Elucidating ryanodine receptor domain interactions in sudden cardiac death : towards the development of novel therapeutic strategies

摘要

Interdomain Interactions within the complex three-dimensional architecture of the cardiac ryanodine receptor (RyR2) are pivotal in channel regulation. Acquired or genetic abnormalities that perturb these stabilising intra-molecular interactions are pathogenic. This laboratory identified the interacting- or l-Domain of human RyR2 that mediated interaction between cytoplasmic and transmembrane (TM) assemblies. To further elucidate the precise roles of functional motifs within the l-Domain, three contiguous fragments spanning RyR2 amino acid residues 3722-4610 were synthesised using a cell-free system. One fragment termed IDB (amino acid residues 4353-4499) profoundly modulated cellular Ca2+ cycling and resulted in the remarkable normalisation of intercellular synchrony following its microinjection into ouabain-treated cardiomyocyte monolayers. These phenomena were linked to IDB- mediated stabilisation of RyR2 and were fully corroborated using IDB purified from a bacterial expression system. Bioinformatic analysis revealed striking structural homology between sub-fragments of the RyR2 l-Domain and l-Domain-like regions of inositol 1,4,5- trisphosphate receptors (IP3R). Recombinant expression of l-domain sub-fragments in RyR- null human embryonic kidney (HEK) cells remodelled carbachol-evoked Ca2+-responses and suppressed homeostatic Ca2+ signalling events indicating that IDB also modulated IP3R signalling mechanisms. In both HL-1 and HEK cells, IDB-dependent Ca2+ modulation extended to surrounding cells that were not microinjected with recombinant protein.
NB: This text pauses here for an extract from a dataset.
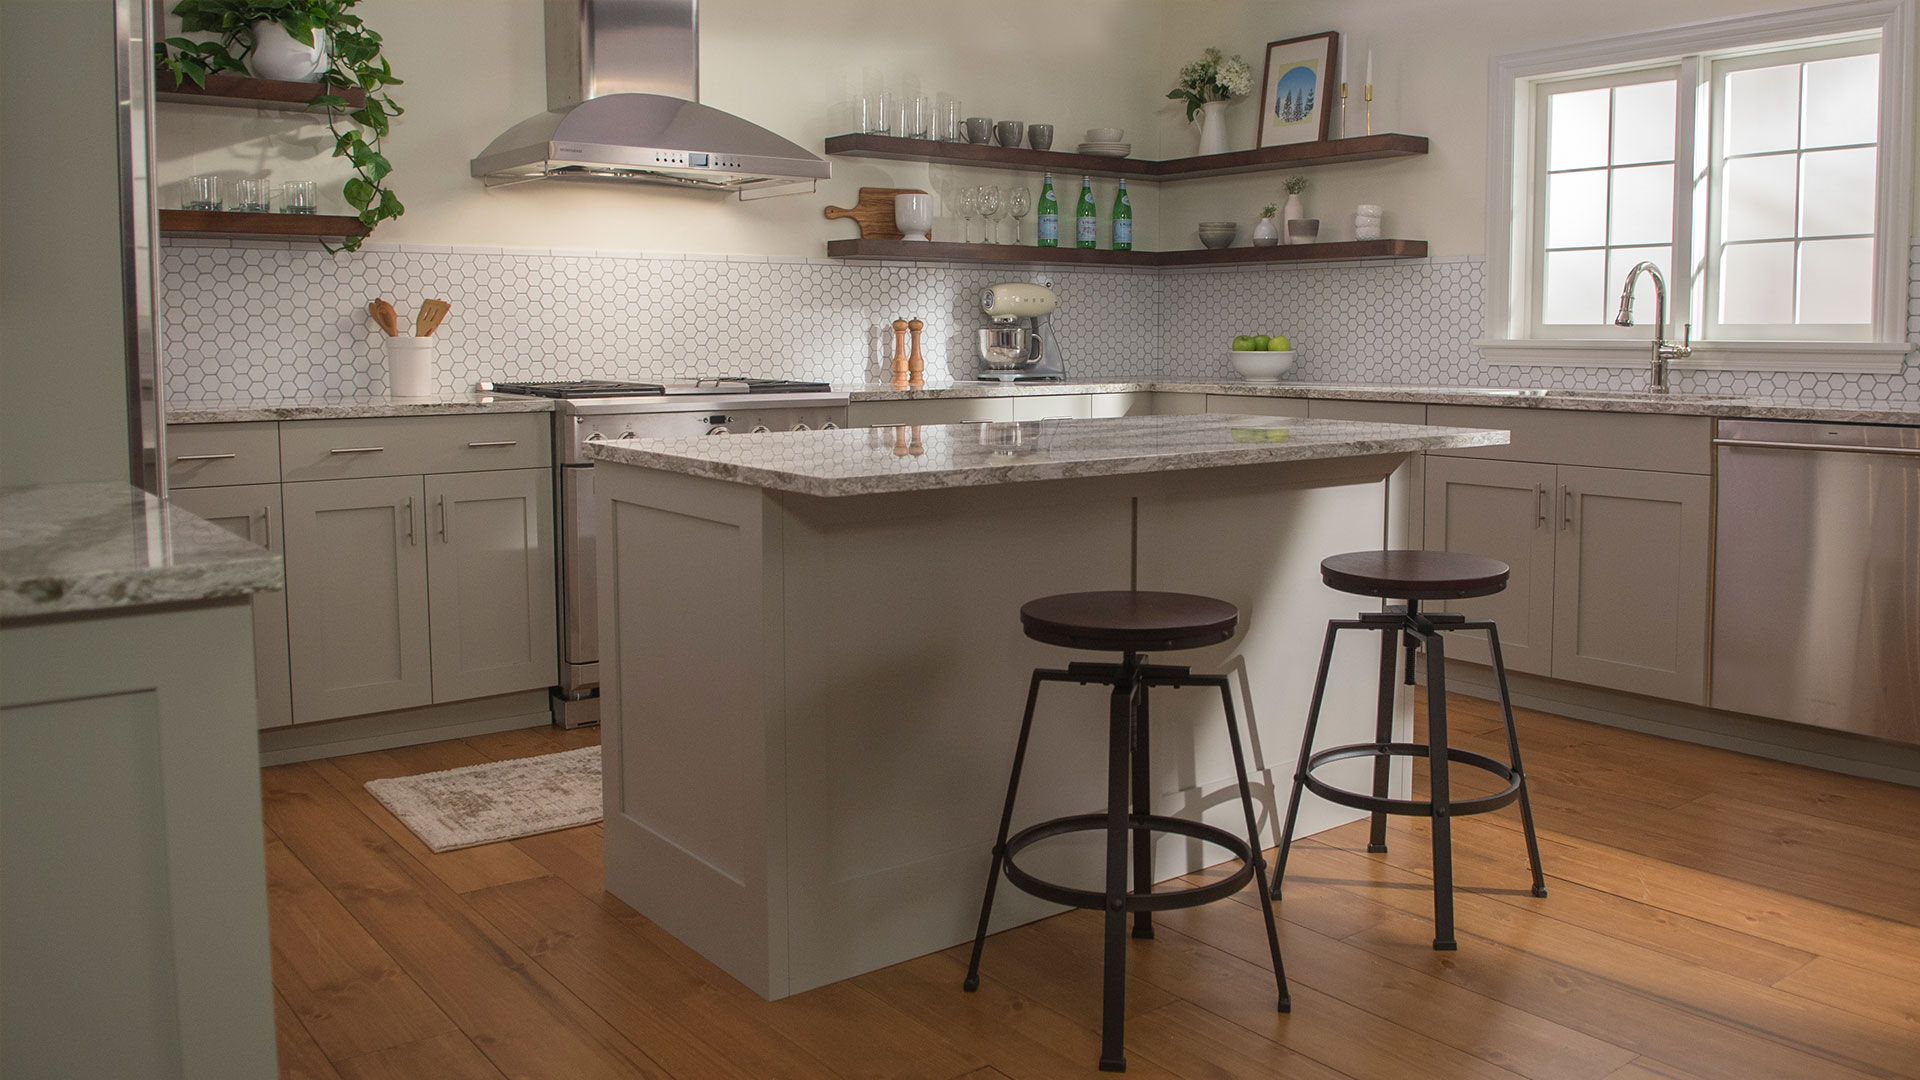 Cambria kitchen set - island, hood, tile, shelves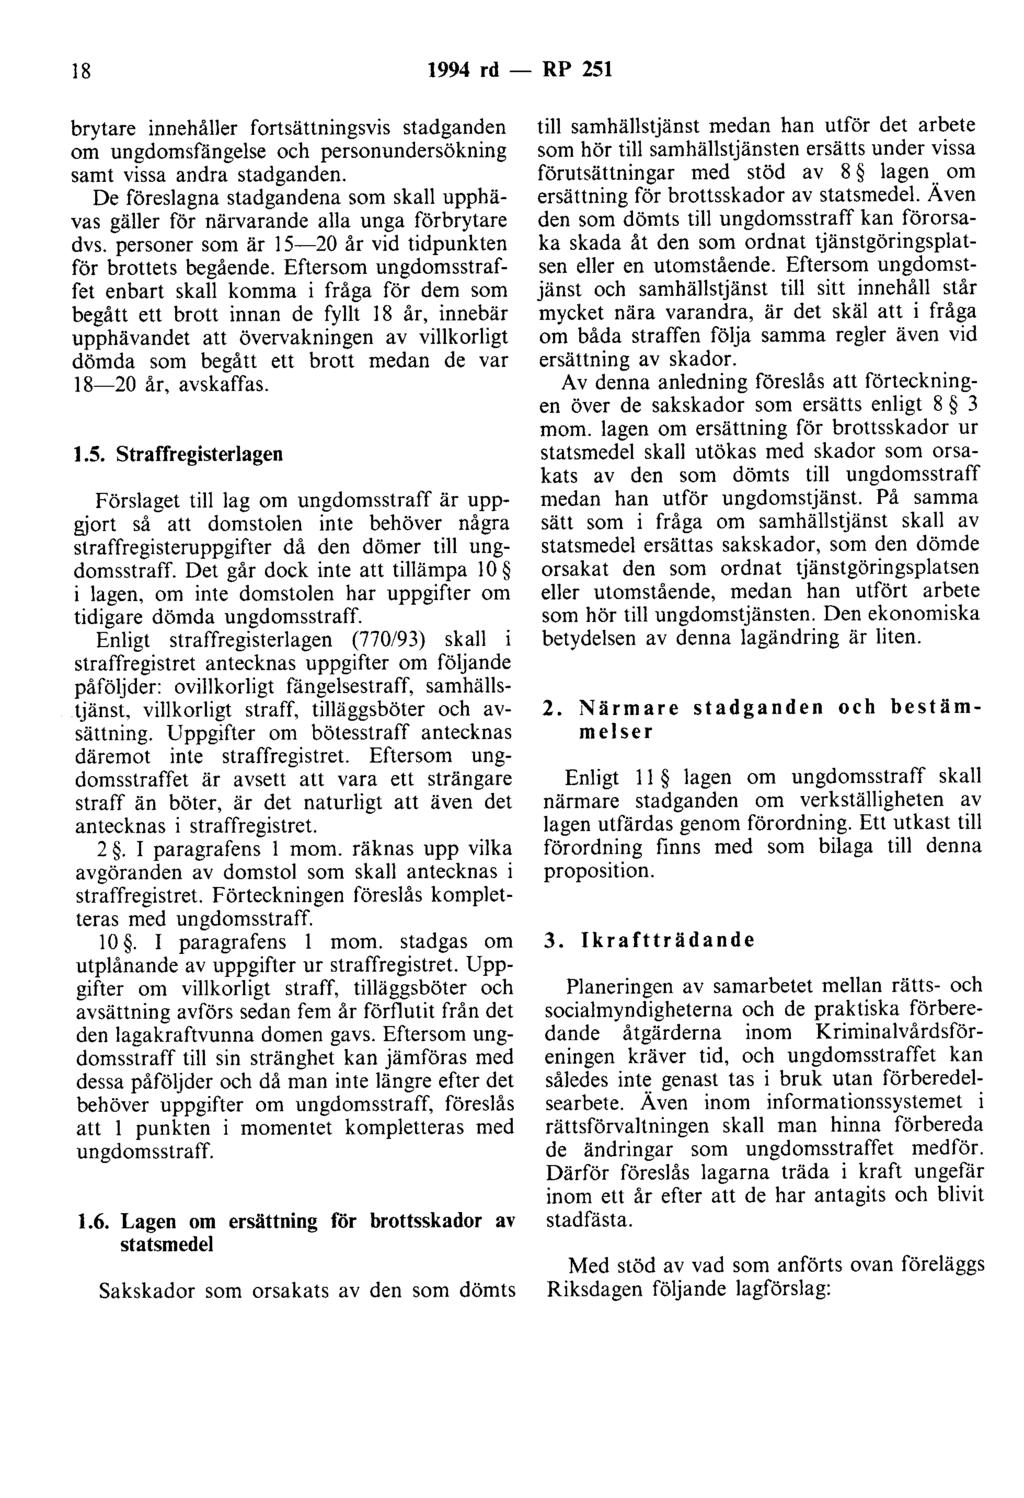 18 1994 rd - RP 251 brytare innehåller fortsättningsvis stadganden om ungdomsfängelse och personundersökning samt vissa andra stadganden.

This so- called 'bystander effect' was mediated by the transfer of signalling molecules via direct cell- to-cell coupling (gap junctions) and also by the extracellular transmission of diffusible effectors. This thesis supports the concept that RyR2 stabilisation rescues pathogenic Ca2+ dysregulation and suggests that there is substantial merit in developing further epitope-targeting strategies for the therapeutic normalisation of Ca2+ cycling in cardiac disease.